Why diversity matters: the lessons from the setting of the rising sun

Stuart Pallister |

Japan's economy has been in dramatic decline, says INSEAD professor Stewart Black. What's causing its malaise and can we expect a rebound?

After the ashes of World War II, Japanese firms dramatically rebuilt and transformed themselves, first at home and then on the world stage through exports. By the 1990s when they were buying up icons like Rockefeller Center and Pebble Beach Golf Resort, they seemed headed to dominate the world.

 

“They were number one”, says INSEAD Professor Stewart Black. “In terms of revenue, they occupied the top three spots on the Fortune Global 500. In terms of market share, Japan was number one with about a 36 per cent share. The US was number two at about 30 per cent.”

But today Japanese firms are not faring so well. Japan’s share of the Fortune Global 500 has dropped to around 12 per cent and, says Black, that’s a “dramatic fall off.”

The Japanese economy has been stagnating for around two decades, but Black attributes the decline in the fortunes of its multinationals to their failure to adapt and globalise.

“They took their systems that worked in Japan and had worked extraordinarily well. I mean, when you think about it, back around 1940 … Japan was only the number seventh economy in the world. They then rose to number two.”

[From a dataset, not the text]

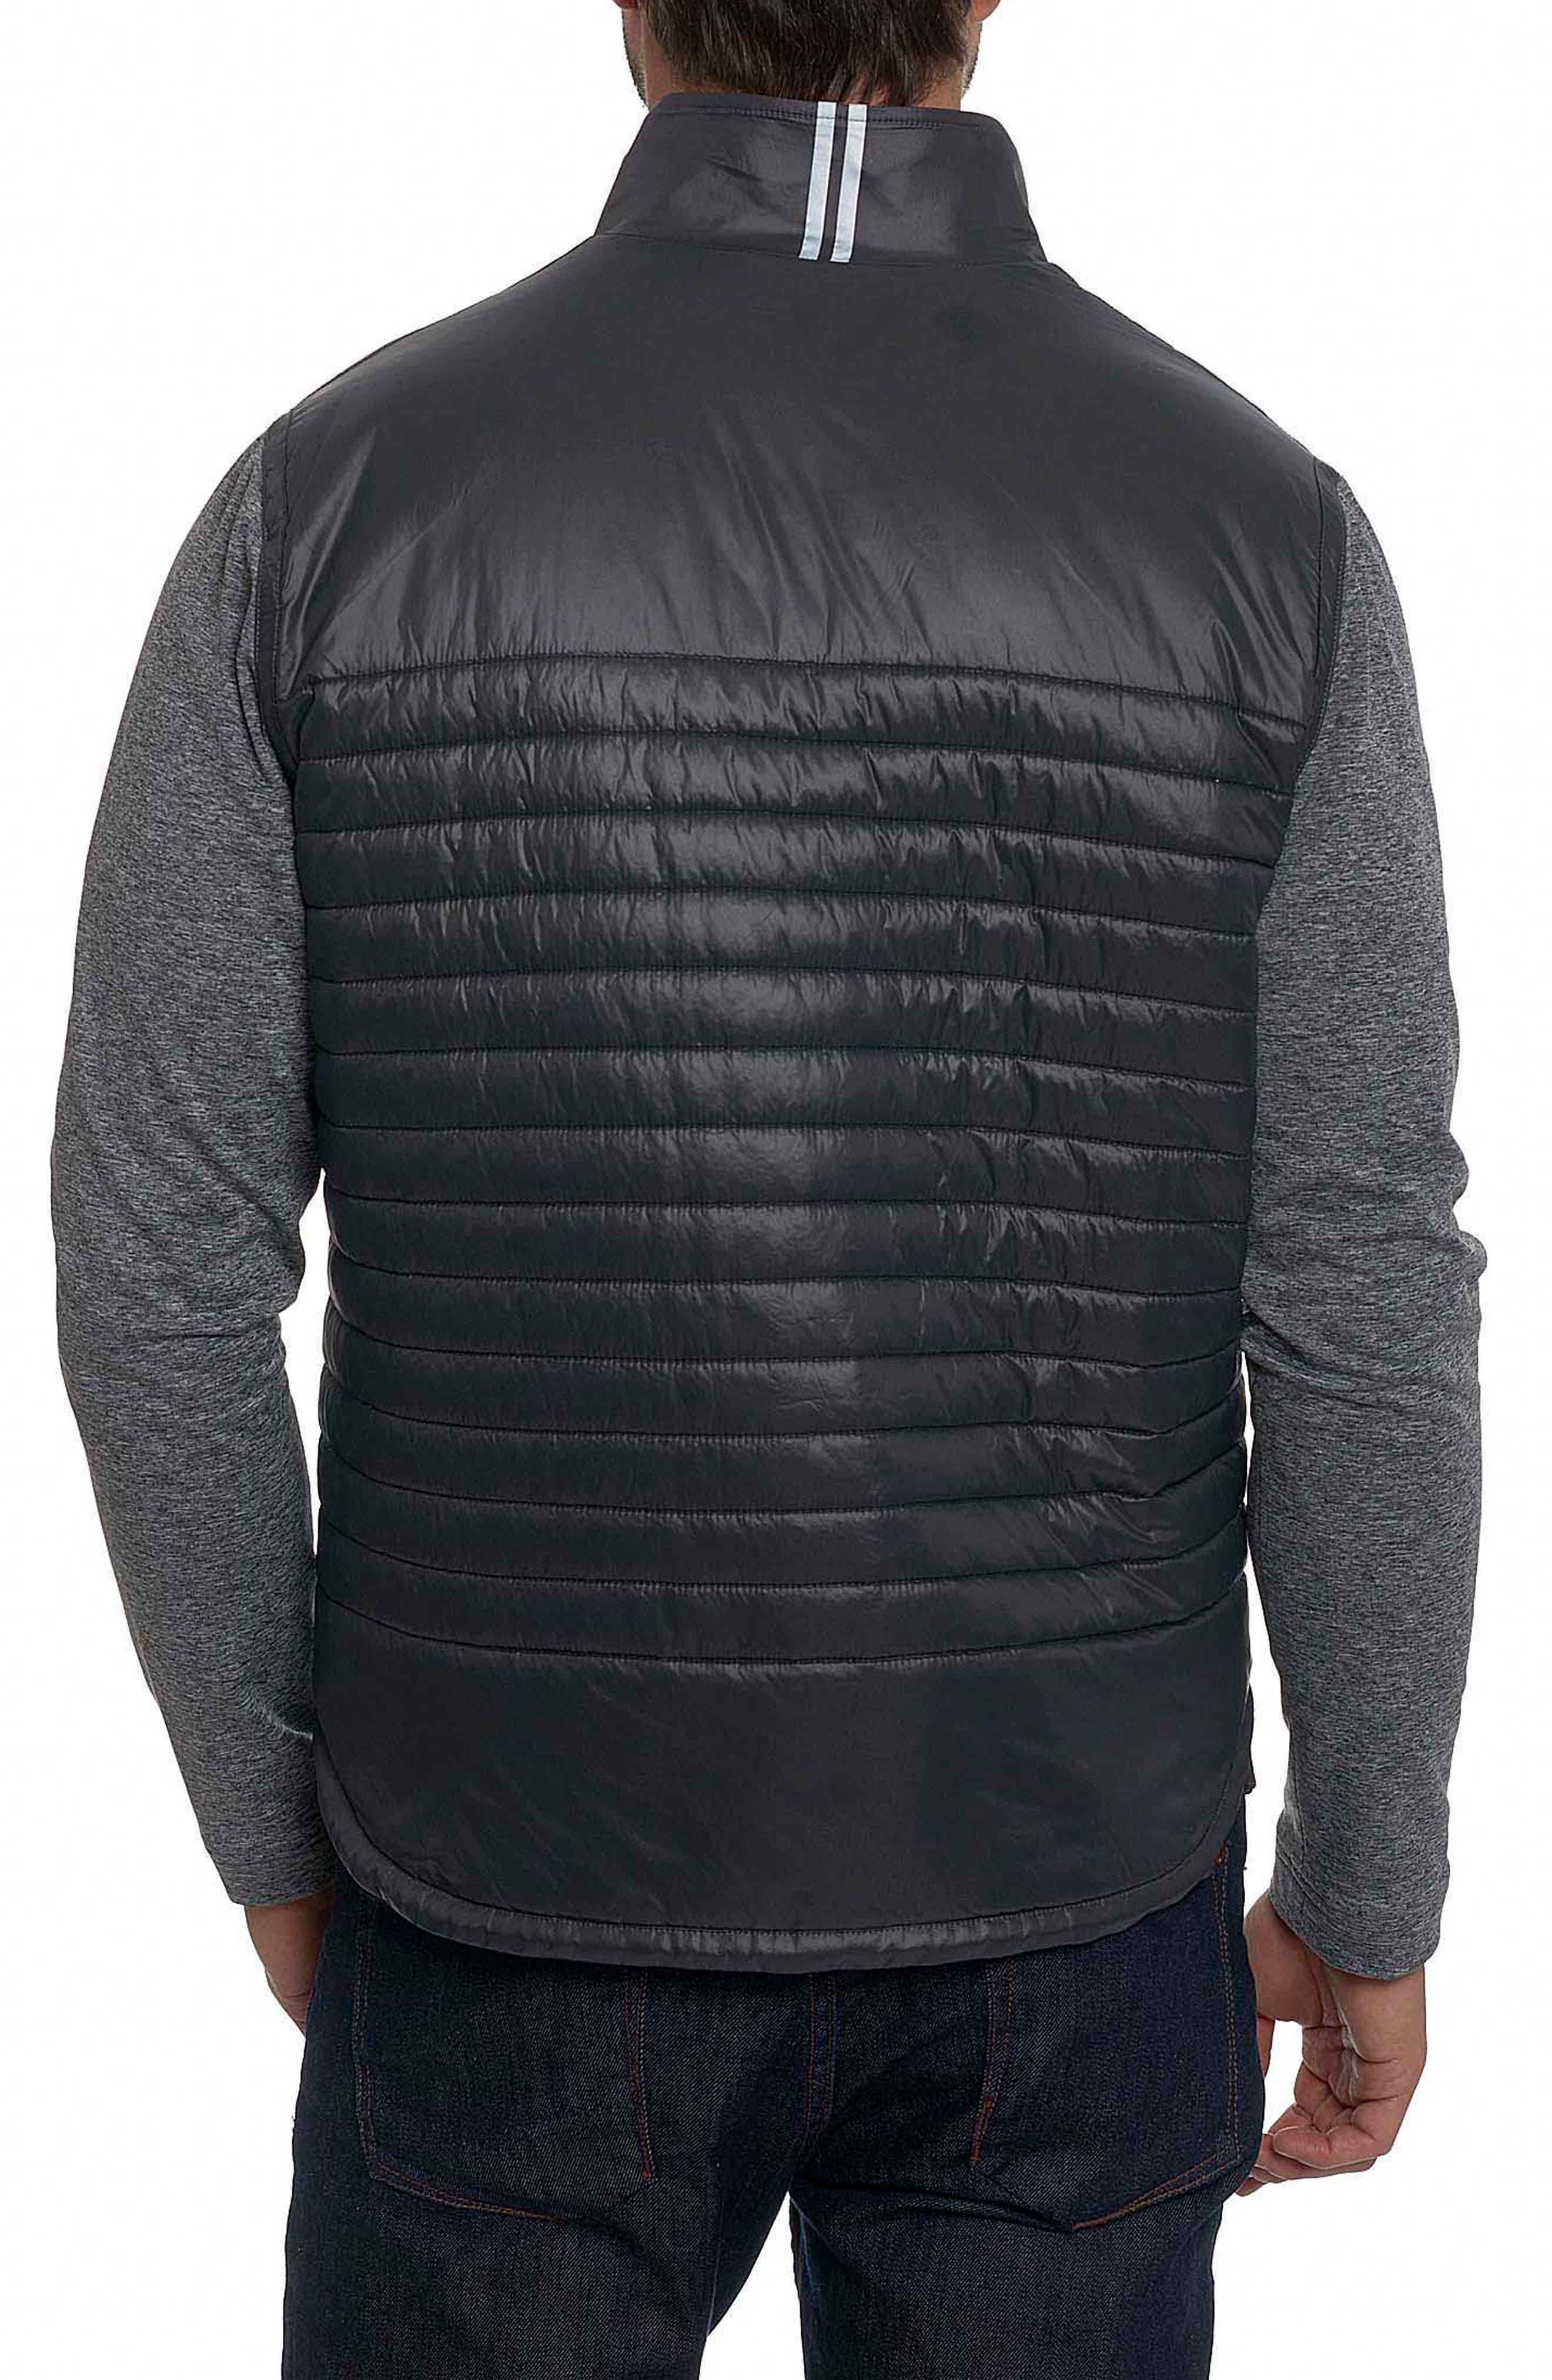 Poconos Tailored Fit Mixed Media Jacket,                             Alternate thumbnail 2, color,                             060

“Japan reached that pinnacle primarily through domestic success and exports, which are important, but that will only take you so far before you have to literally expand overseas, and set up factories and so on. And that’s where they stumbled, because they sent only Japanese expats by and large.”

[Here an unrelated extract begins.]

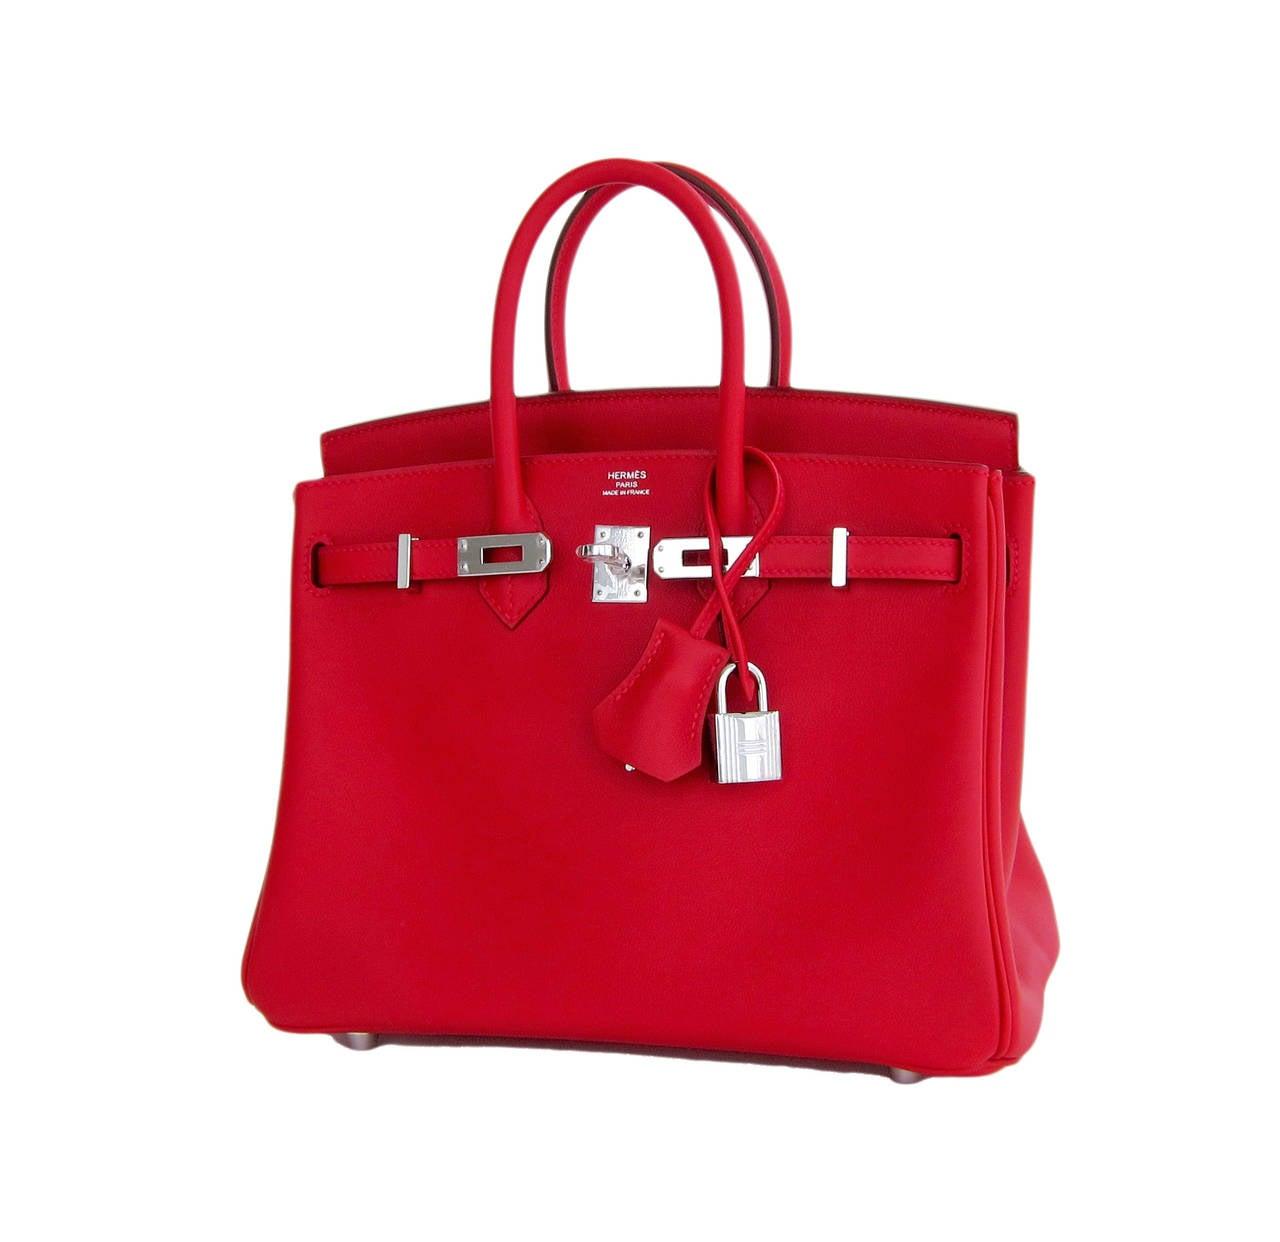 hermes satchel bag

“Now they’re number three, and I’ll predict they’ll fall some more, because what led to great domestic and export success standardisation doesn’t really help you when you expand into foreign and different markets. And that’s where they’ve stumbled and continue to stumble.”

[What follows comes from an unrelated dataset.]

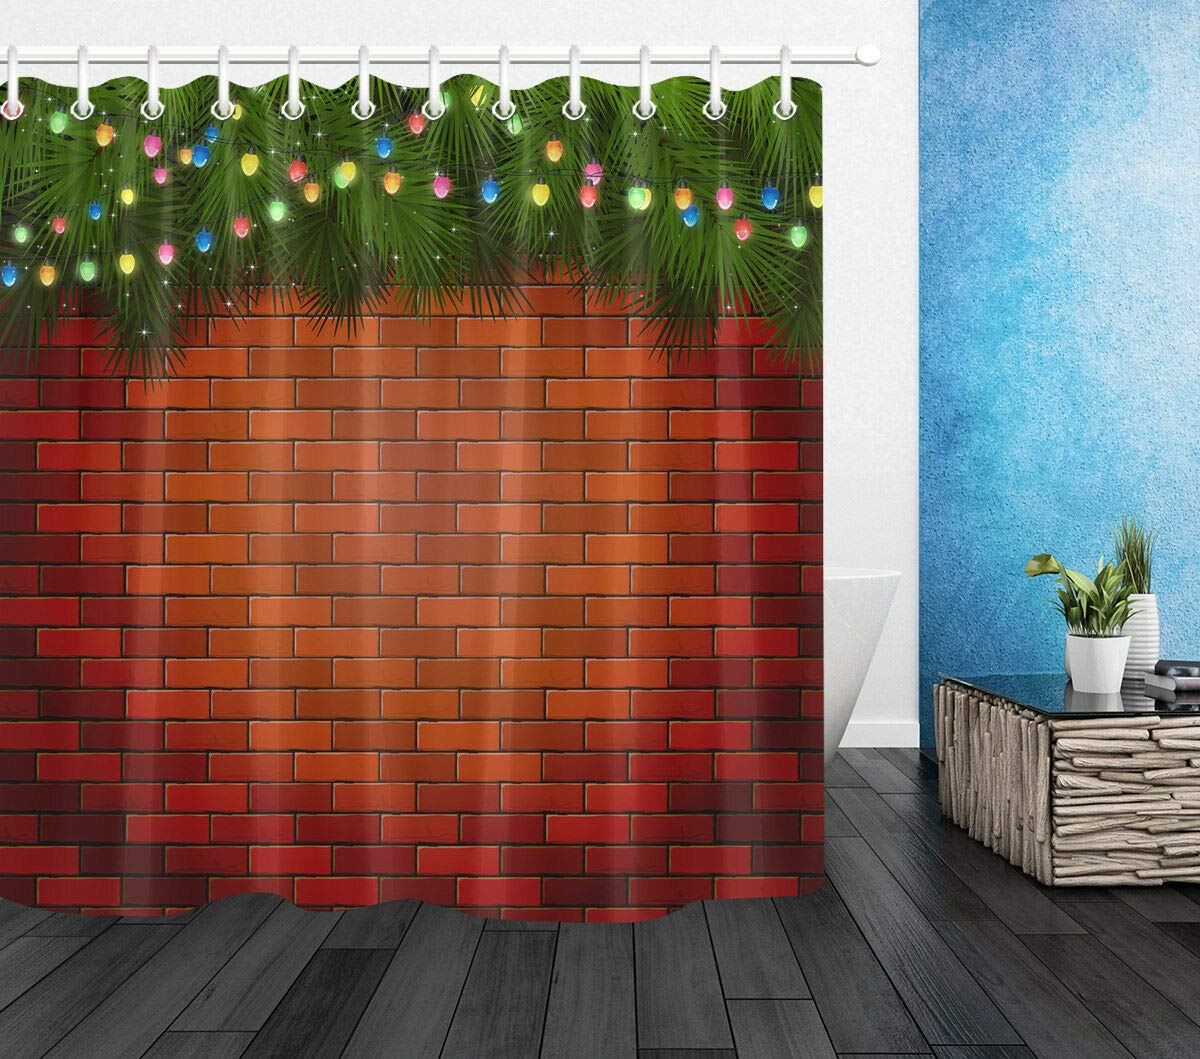 Tissu de Polyester Rideau de Douche et Crochets taquxinlaowan Sapin de No/ël Mur de Briques

“The Japanese have two things working against them; one is their inability to adjust and adapt to markets outside of Japan; and the second thing is the home market is shrinking and a good part of that is just demographics.” Japan’s population is estimated to have peaked around 2004, Black says, and is expected to continue to decline to about 90 million in 2050.

“So it’s a dramatic decrease in population; it’s pretty hard to have a growing economy when you have a shrinking population and they’re not making up virtually any of that deficit with immigration or anything else. So the prospects for Japan’s domestic economy don’t look good.”

Japanese firms did expand overseas, setting up plants in the US and Europe, but according to Black’s analysis, they failed to diversify their management structures and become truly global.

 

“When you look at the top executives in Japan, about 99 per cent of them are Japanese. When you look at European companies, about 78 per cent are home country nationals, and when you look at US companies, about 82 per cent. So every multinational still tends to be dominated by nationals from wherever that global corporate headquarters is located. But in comparison, Japanese multinationals have virtually no foreigners as senior executives. So there is no opportunity for different viewpoints, experience and so on to be introduced into their major decisions, especially around global strategy, and that hurts them.”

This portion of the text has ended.